-- What to do --
When you transcribe the listing that follows, keep every line exact and omit the pictures.

-- Raw data --

☆ ☆ ☆ ☆

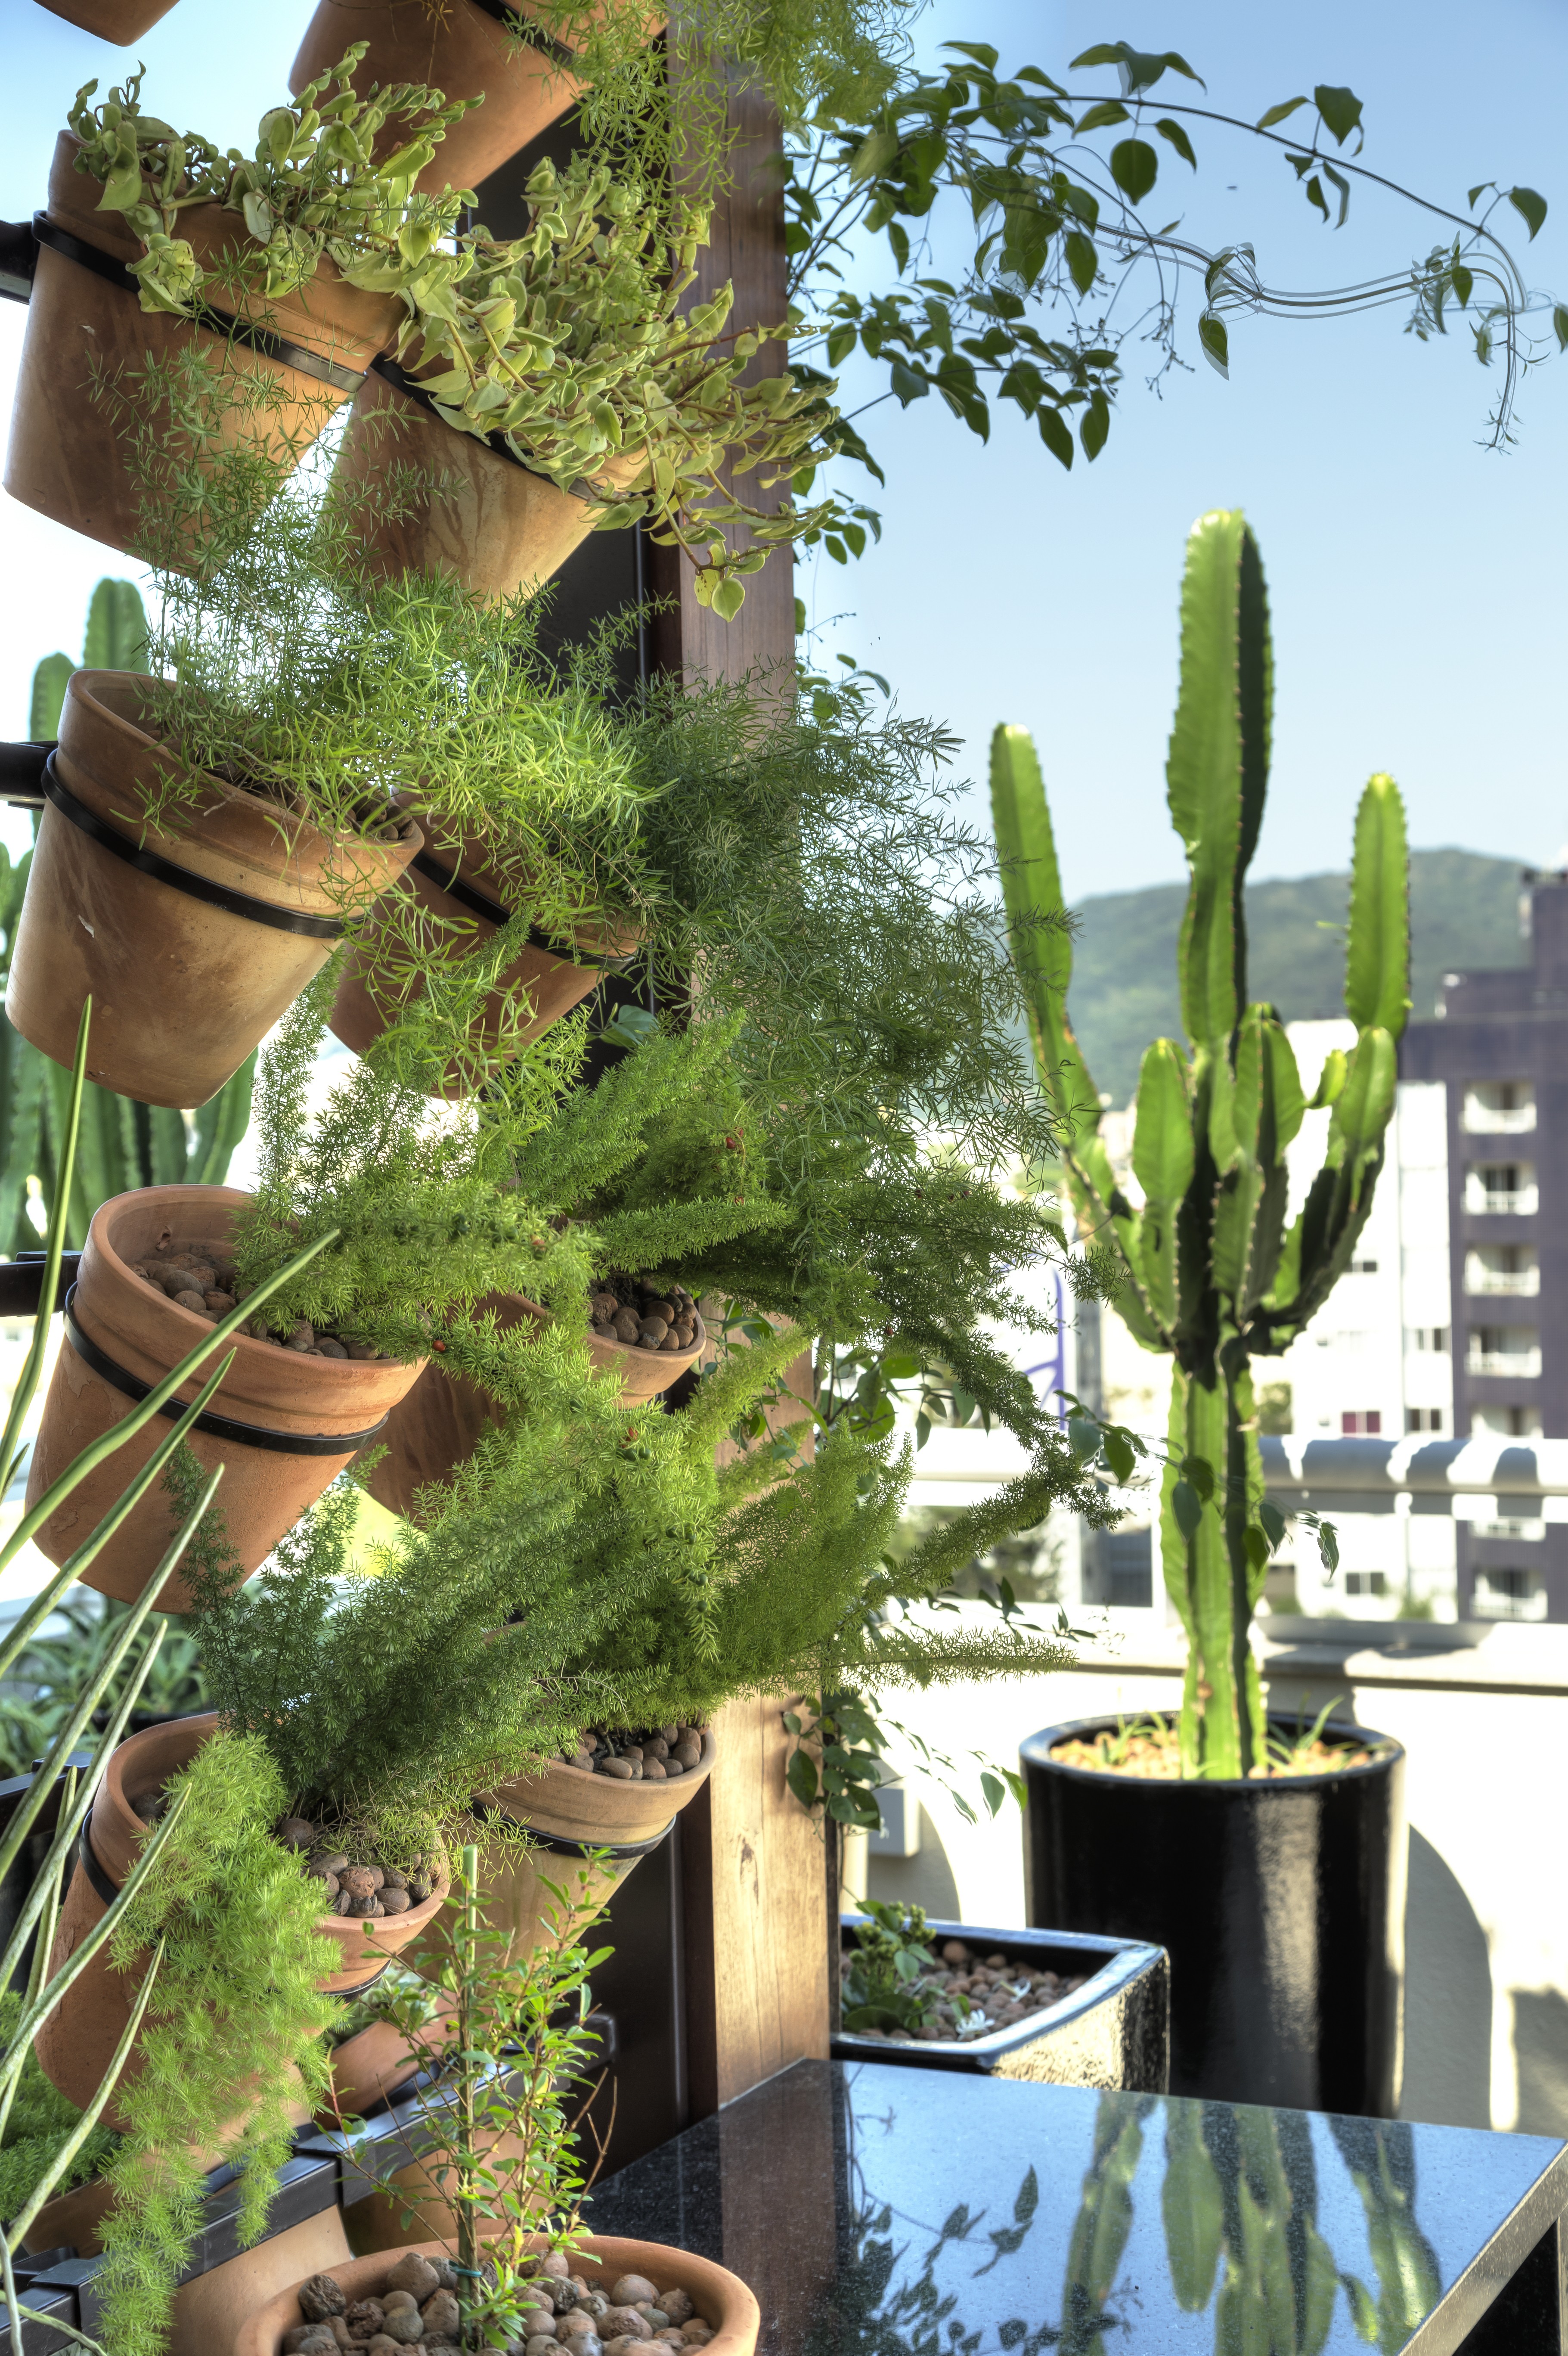 Varanda-jardim-vertical-ideias-dicas-projeto-paisagismo-plantas-decoração (Foto: Mariana Boro/Divulgação)
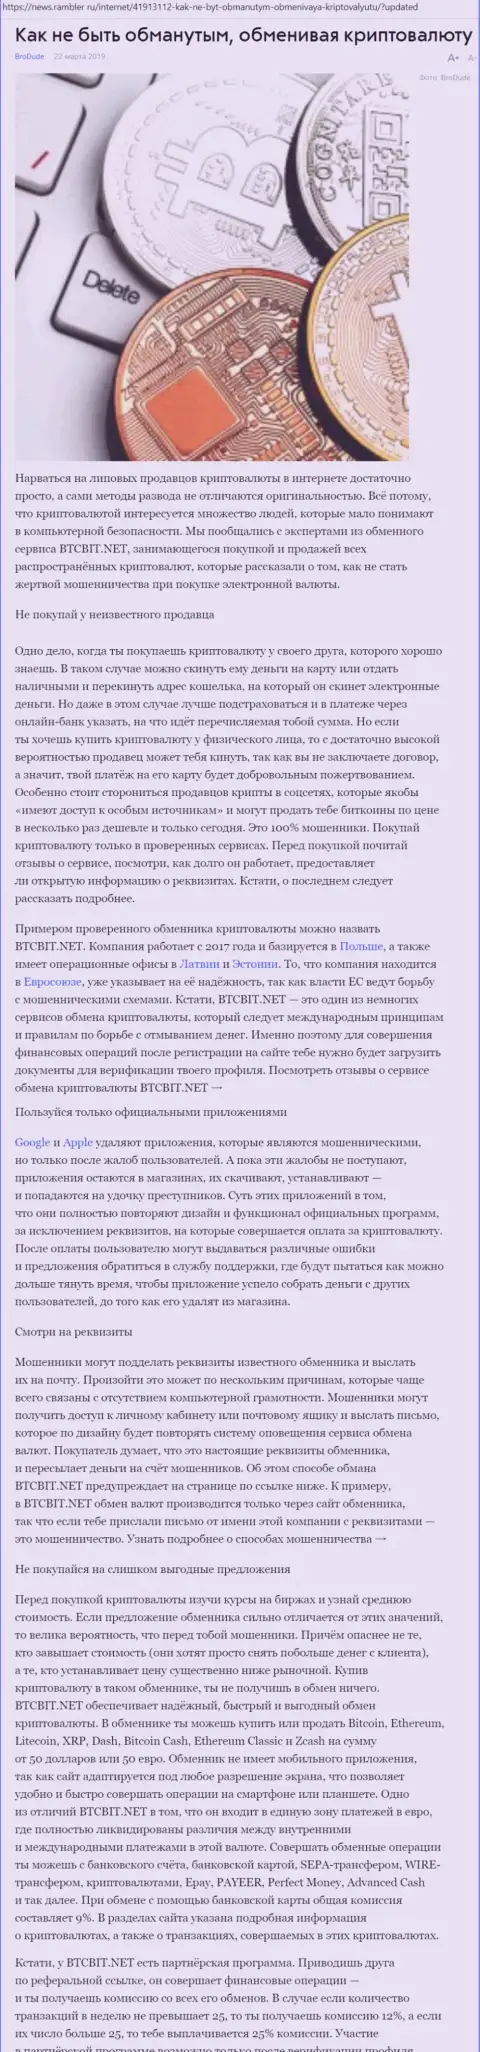 Публикация об онлайн-обменнике БТЦБИТ на news rambler ru
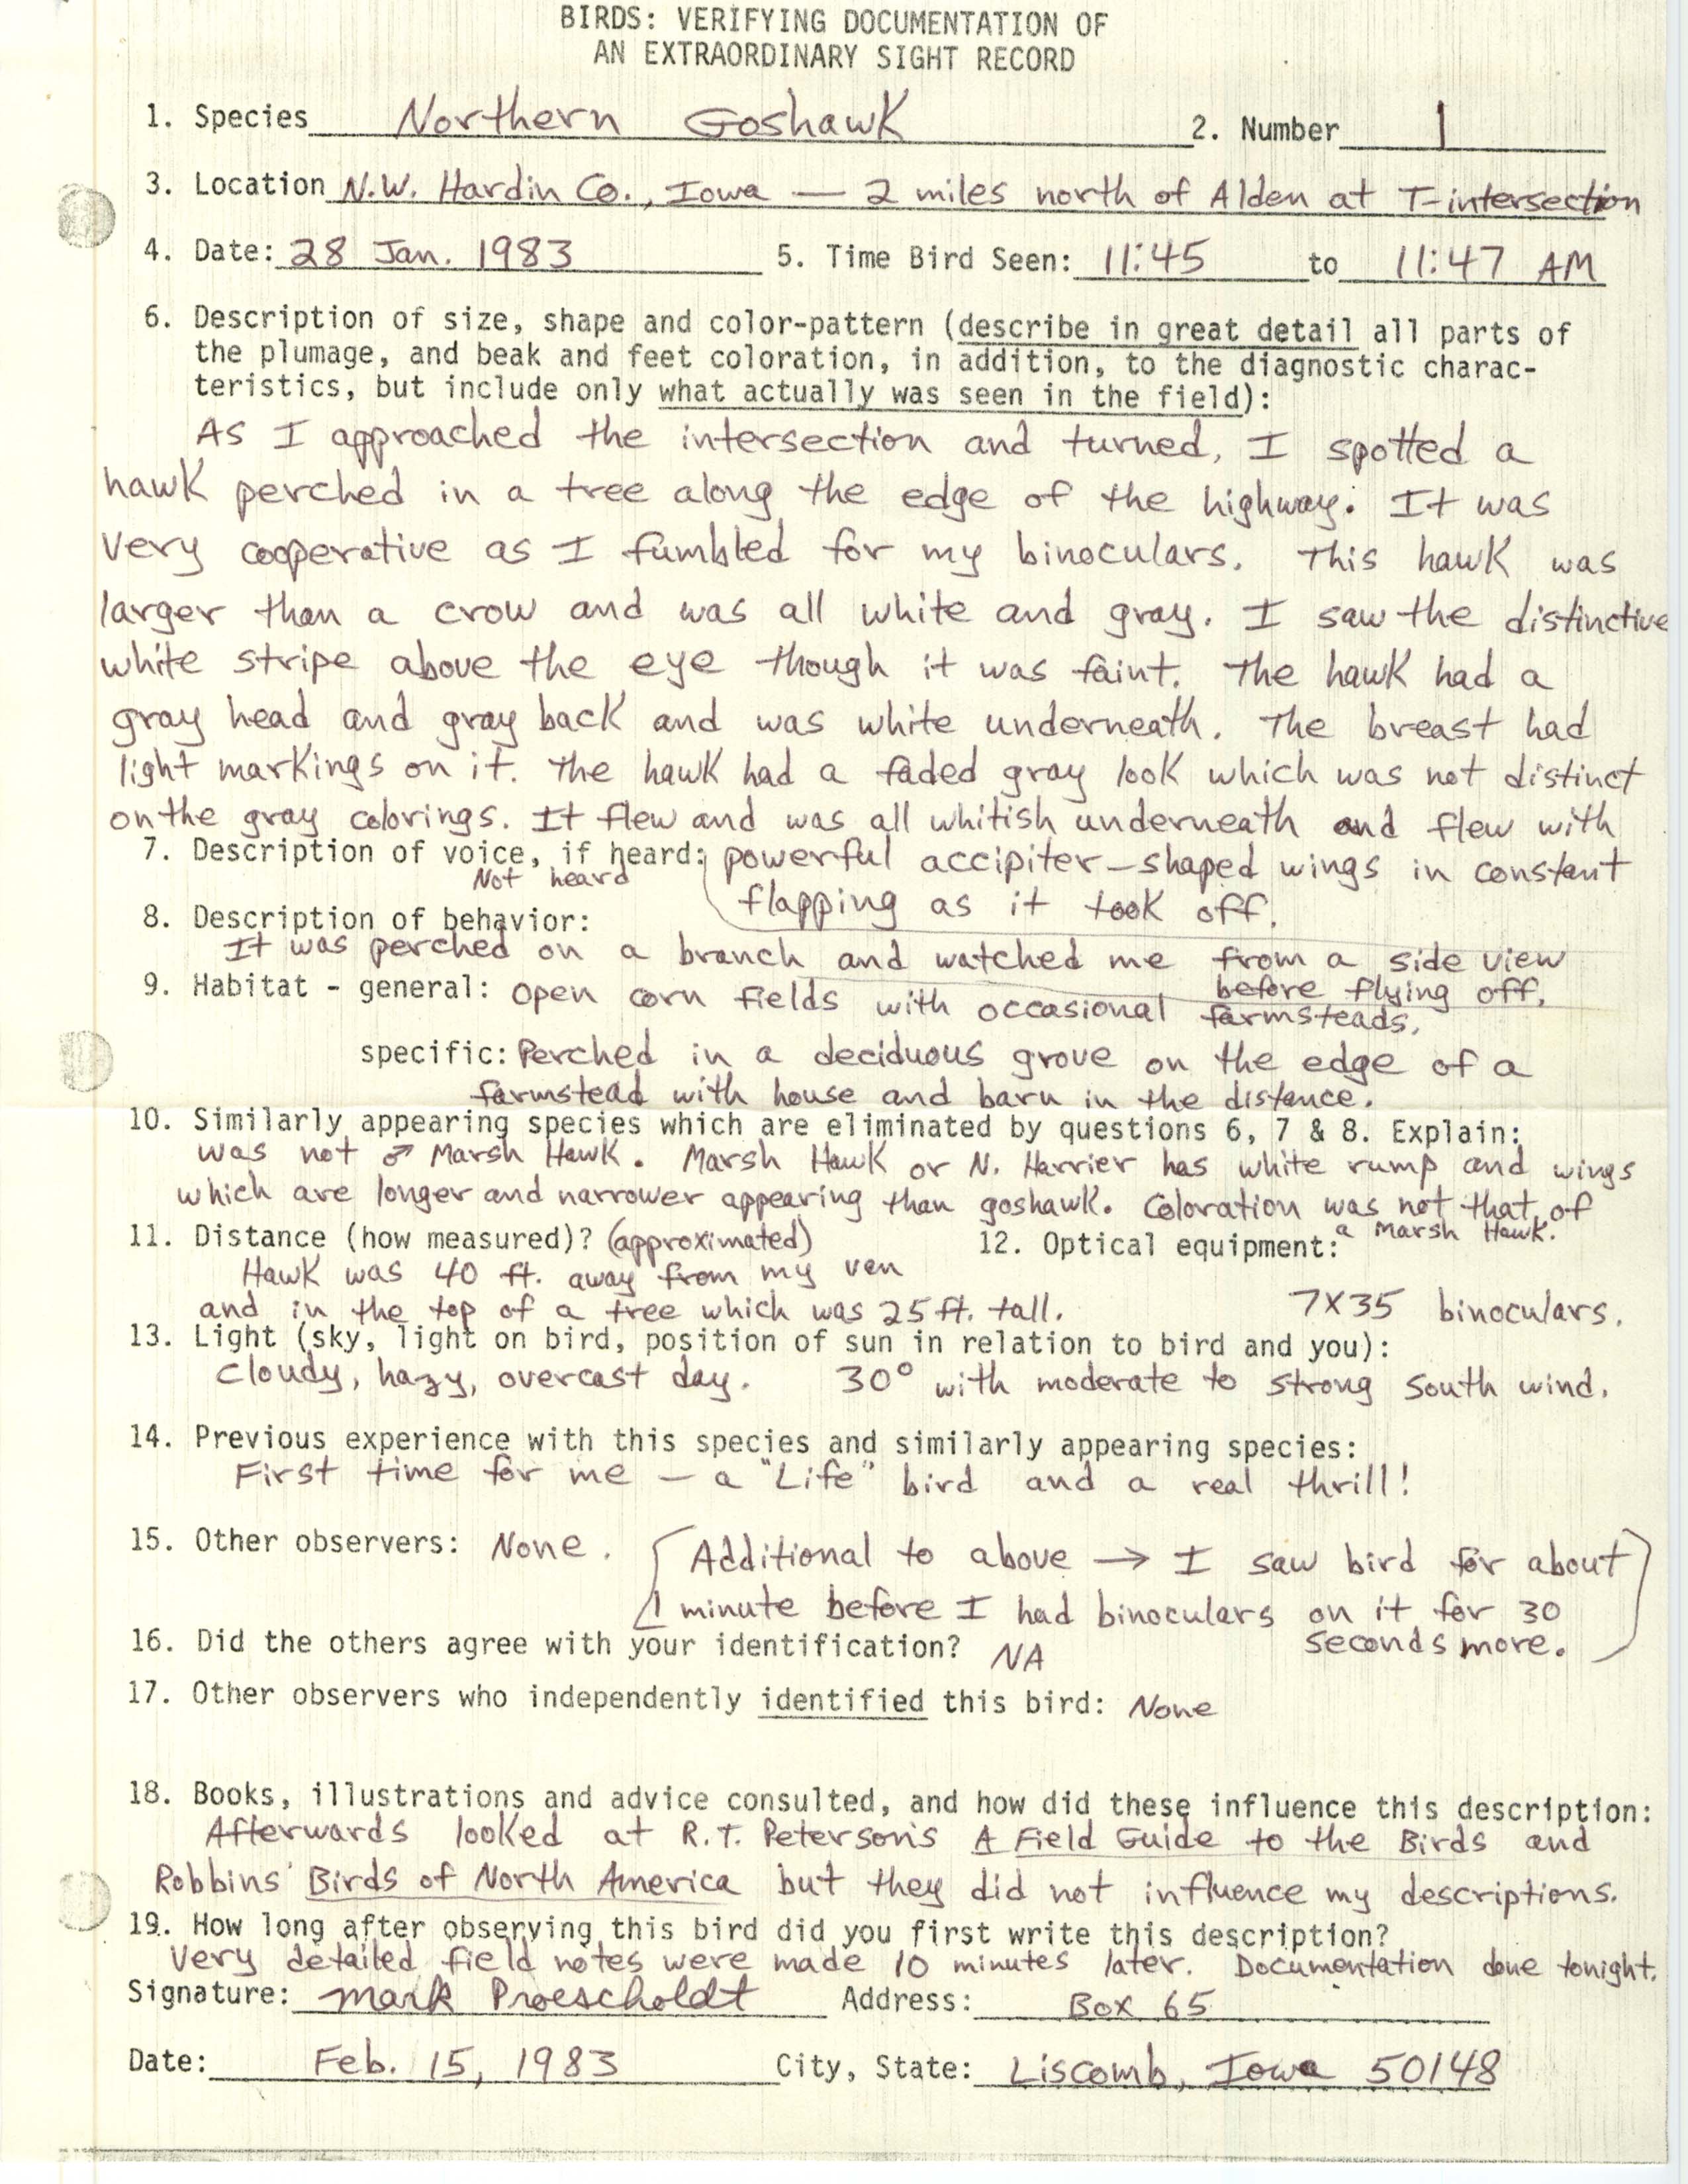 Rare bird documentation form for Northern Goshawk at Alden, 1983

☆ ☆ ☆ ☆

-- Exercise answer --
 Varanda-jardim-vertical-ideias-dicas-projeto-paisagismo-plantas-decoração (Foto: Mariana Boro/Divulgação)
 Публикация об онлайн-обменнике БТЦБИТ на news rambler ru
 Rare bird documentation form for Northern Goshawk at Alden, 1983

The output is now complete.